Hint: if you did it right, the value for the first word of the first document for your new variable (i.e. `data_tfidf[0,0]`) should be around `0.0063`.

In [None]:
# Your code here
from sklearn.feature_extraction.text import TfidfTransformer
data_tfidf = ...

# It is possible to fit and transform separately, or you can us fit_transform

In [None]:
# Double check: should give 0.0063 for data_tfidf[0,0]
data_tfidf.toarray()

**Q5**: Try clustering on the tf-idf transformed data, using the same `n_clusters=3` k-means options as before. How do the results look different? (tip, the sorting from *Q3* might help you look at the data).

In [None]:
# Your code here

# Your comment here

So far we have tested clustering around known information, but the useful part of unsupervised learning is in finding new patterns. What if you cluster into two clusters? 20? What patterns do we see?

**Q6**: Cluster data_tfidf to 2 clusters and describe how the books cluster.

In [None]:
# Your code here

# Your comment here

## More Techniques

### An easier to interpret classifier: decision tree

Here is an example of a decision tree classifier, which identifies discriminatory features out of the larger set, and uses those features to make the important classification decisions.

In [None]:
from sklearn import tree
clf = tree.DecisionTreeClassifier()
clf = clf.fit(data, info['author'])

Visualization is trickier because you need to install a separate library; details can be found in the Scikit Learn docs. Here is an example of what a decision tree might look like:

![](data/images/decisiontree.png)

(This tree was trained with the arguments `splitter='random', criterion='entropy', min_samples_split=0.5`.)

This example uses all of the data, because we're not testing it on anything, but it is possible to use in the same way as earlier classifiers, with `clf.fit(train_data)` and `clf.predict(test_data)`.

Decision Trees are easy to interpret, but tend to be most interesting for tasks with many classes but few features. For text mining, we usually have really large feature sets, because each word in our vocabulary is a feature.

Here is a non-text example that was trained on the survival of Titanic passengers.

In [None]:
df = pd.read_csv('http://vincentarelbundock.github.io/Rdatasets/csv/datasets/Titanic.csv', na_values='*').dropna()
# Make the passenger class column numeric (e.g. 1,2,3) instead of strings (e.g. '1st', '2nd', '3rd')
df['PClass'] = df['PClass'].apply(lambda x: float(x[0]))

clf = tree.DecisionTreeClassifier()
clf = clf.fit(df[['PClass', 'Age', 'SexCode']], df['Survived'])

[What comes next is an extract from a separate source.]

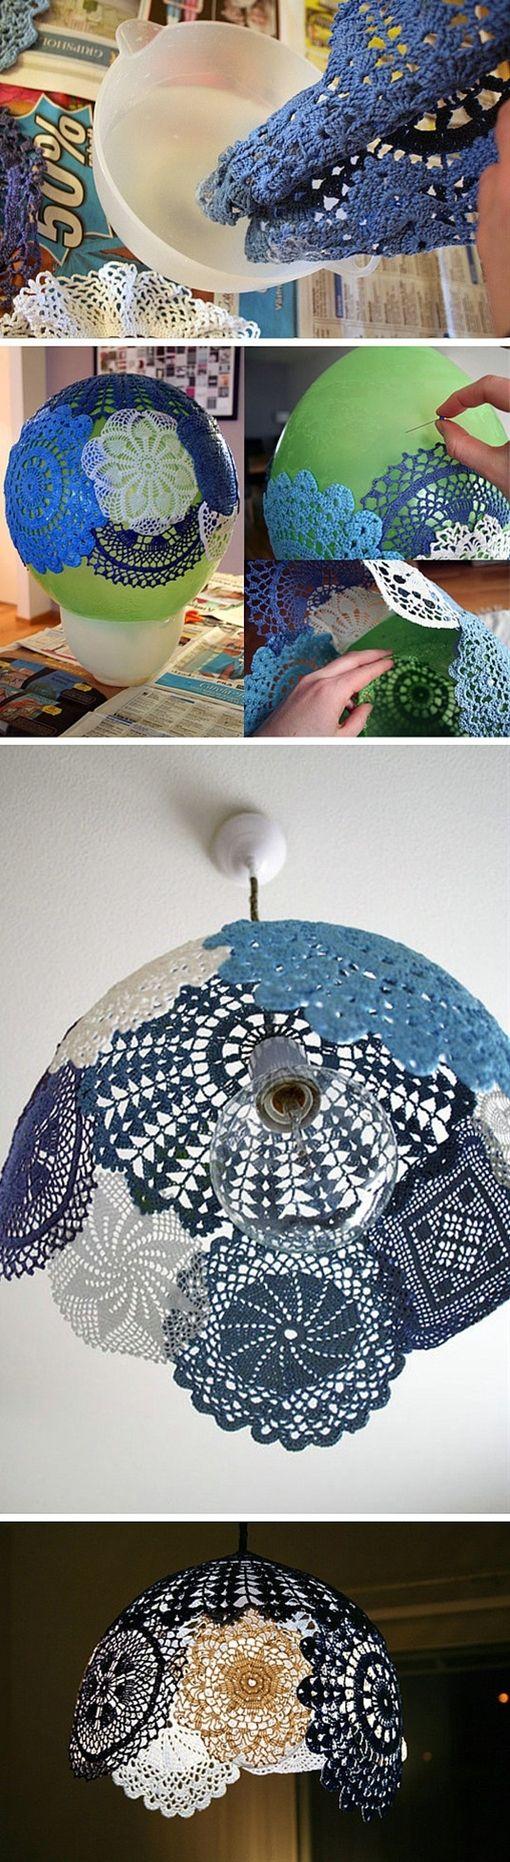 Cogeremos telas con diferentes formas y dibujos. Los estamparemos en cartulinas creando un collage. lampara

The decision tree for this classifier is [posted as a PDF](data/images/titanic.pdf). Reading from the top:

- By default, assume that the passenger didn't survive.
- The most important indicator of survival is gender. If the gender is '0' (Male), assume the person died, else assume they survived.
- Amongst men, Age <= 12 was an indicator of survival. Amongst women, the most important next differentior was whether they were in first class (survived) or third (did not survive).

And so on. The zoomed out view shows the grimness: men on left, women on right, dark orange is likely non-survival while dark blue is likely survival.

![](data/images/titanic-zoomed-out.png)

### Agglomerative Clustering

Here is an example of agglomerative cluster - 'bottom-up' clustering:

In [None]:
%matplotlib inline
from sklearn.cluster import AgglomerativeClustering
from scipy.cluster.hierarchy import dendrogram, linkage

# Learn clusters
model = AgglomerativeClustering()
model = model.fit(data_tfidf.toarray())

# Visualize the clusters
Z = linkage(model.children_)
graph = dendrogram(Z, orientation='right', labels=info['title'].values)

![](data/images/dendrogram-clusters.png)

These clusters are visualized using a dendrogram. The lines connect similar books or clusters, and the depth of the lines shows how similar those two nodes are. For example the cluster of _Cujo_ and _Dance macabre_ is very dissimilar from the cluster of all the other books, which is why the blue line extends so far to the right when connecting them.